Women from all walks of life — politicians, businesswomen and young people — attended the event, which was sponsored by Joint United Nations Programme on HIV and AIDS.
 
“What I would want young people of Zimbabwe [to have] is the safe space where they can be able to participate in the developmental process of their country," said Beatrice Savadye, who outlined concerns of Zimbabwean youth. "There are a thousand reasons why young women do not [have] access to resources now. I think poverty and limited access to education are very key in young people failing to access resources, because when you are not educated no one is going to give you a job, you will not know how to run a business.”
 
Female politicians addressed the group, saying they want 50 percent of parliamentary, Cabinet, and local seats reserved for them in the next election, expected next year under a new constitution.
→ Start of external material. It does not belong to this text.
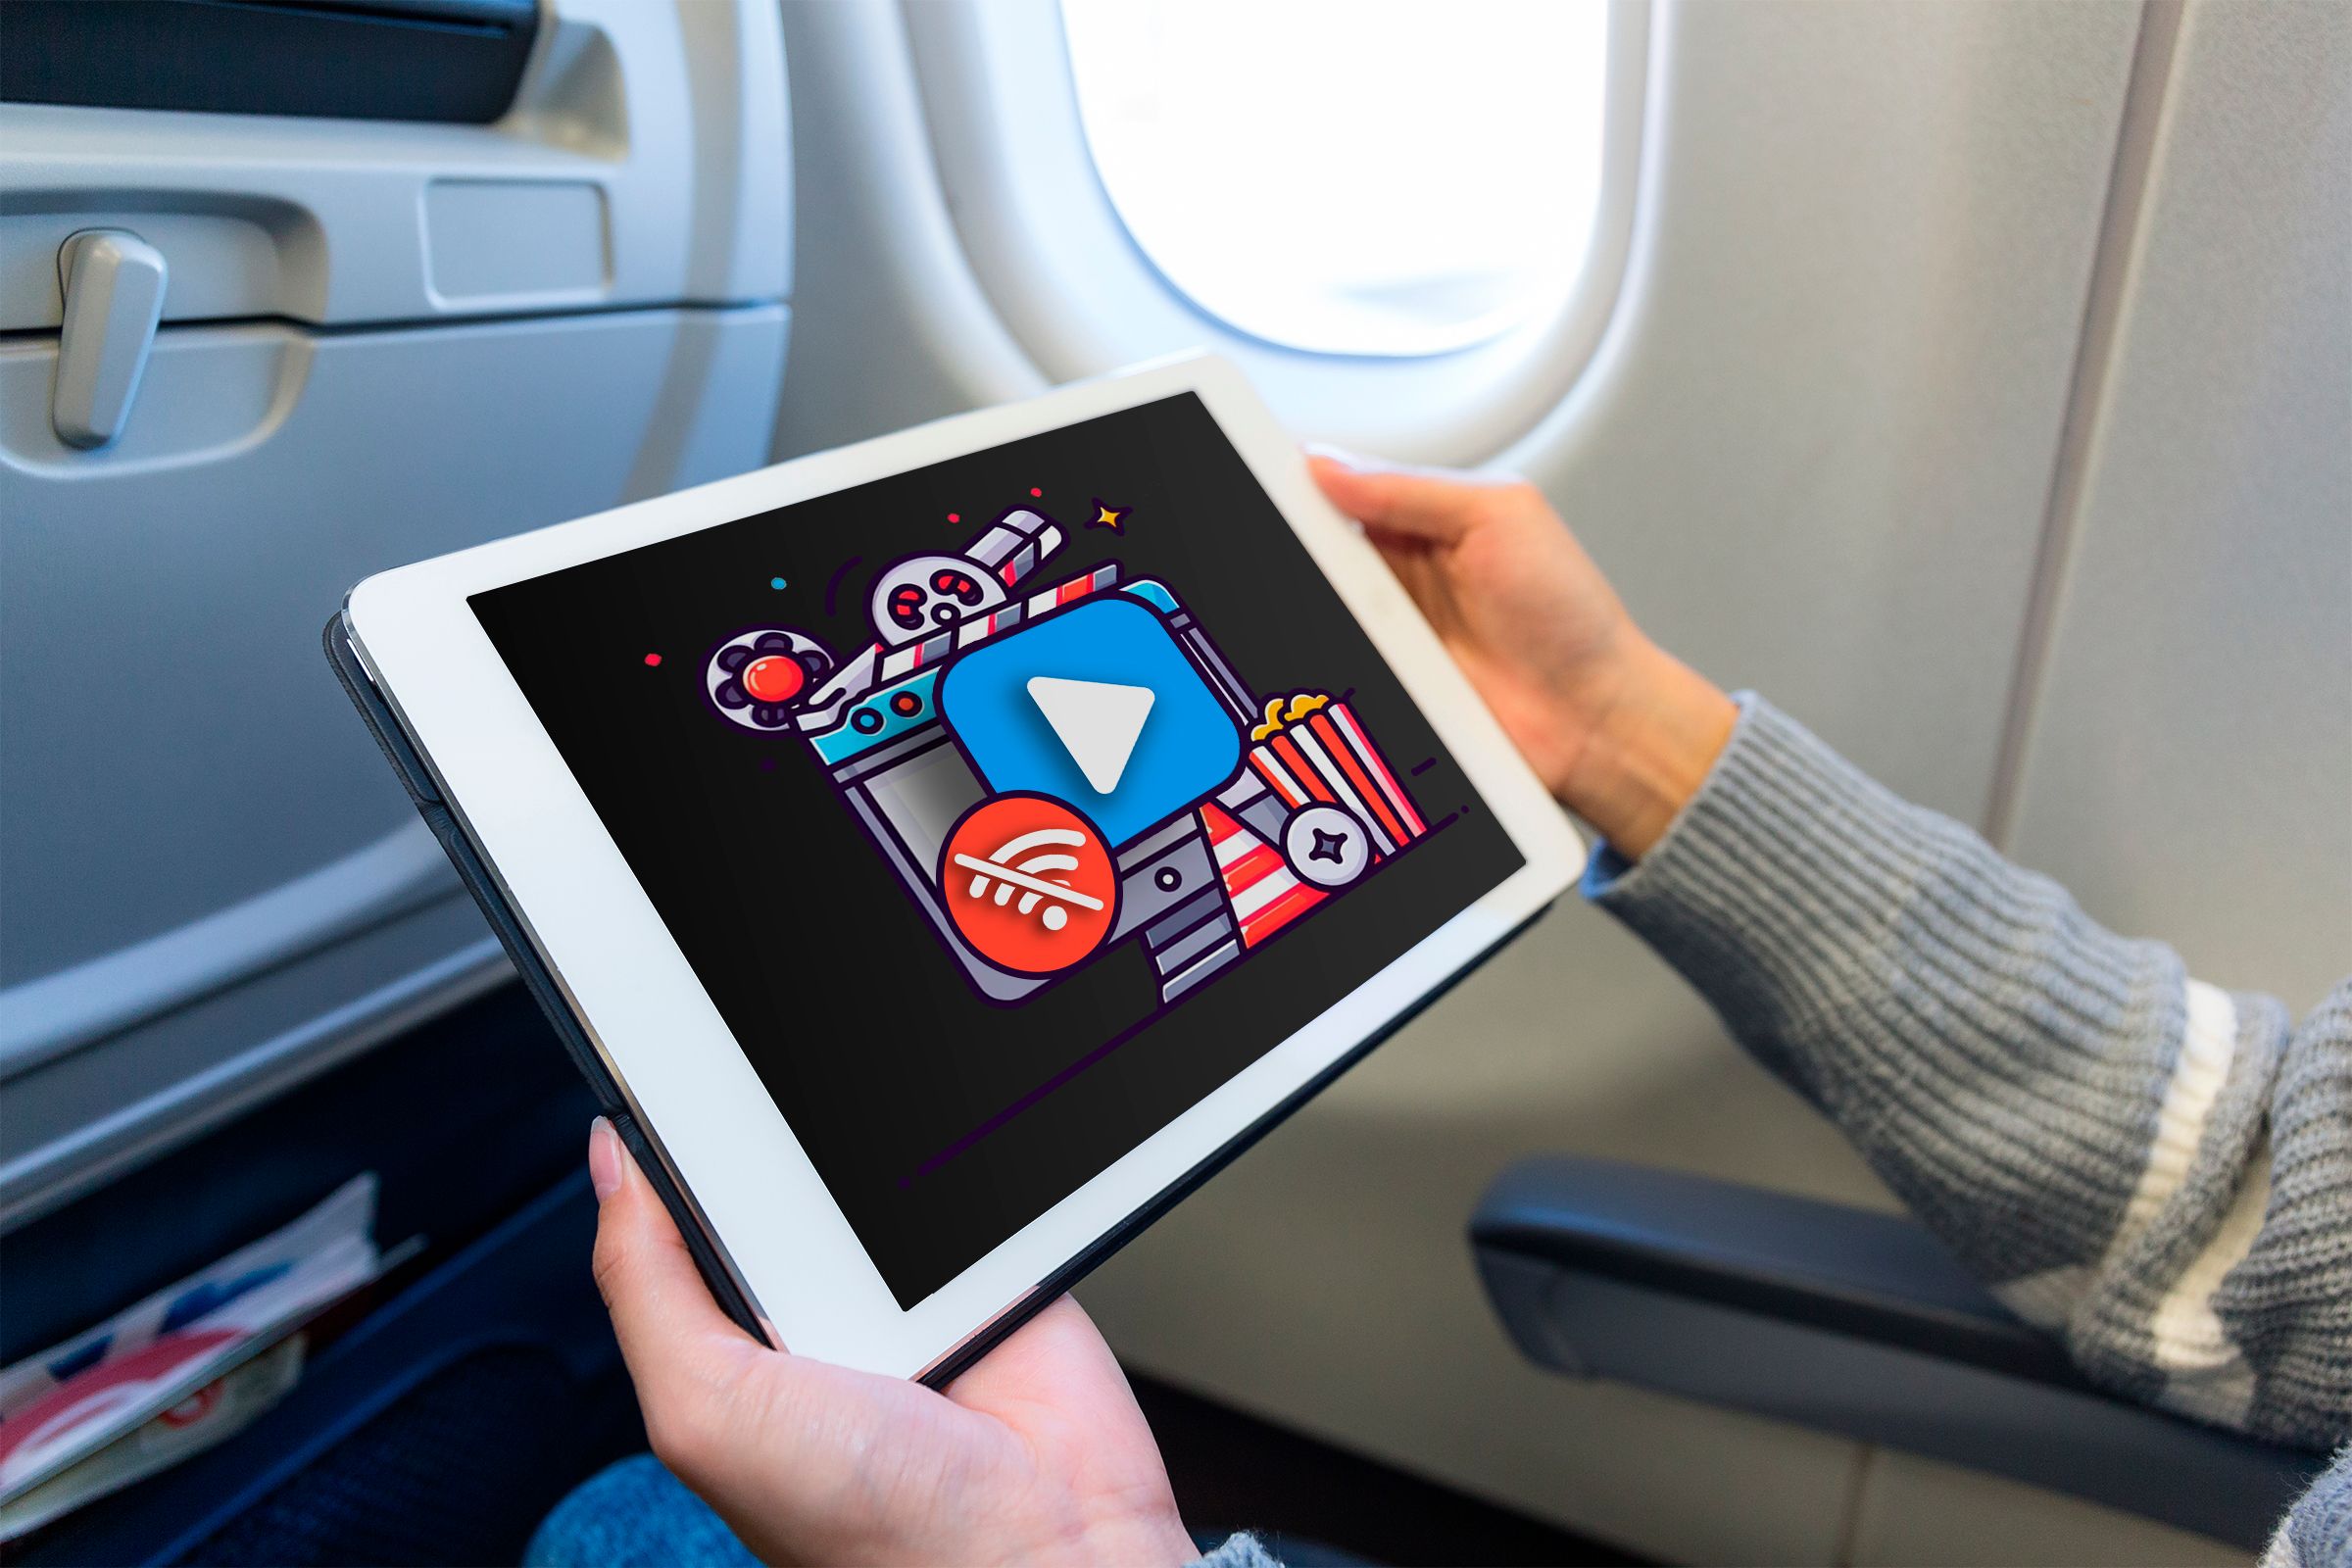 Woman using a tablet on an airplane with an illustration related to watching movies on the screen.

The 15-nation Southern African Development Community has called for all of its members to have 50-50 representation between men and women by 2015.
 
Khupe urged women at the meeting to make sure their demands are not dismissed as mere talk.
 
“Days are over where we do what I call N.A.T.O.: No action and talking only," she said. "Busy talking and talking! No talking and talking in business, parliament, in Cabinet, in our meetings.  We want action.”
 
With elections expected by mid-2013 in Zimbabwe, the call for gender equality is expected to gather momentum.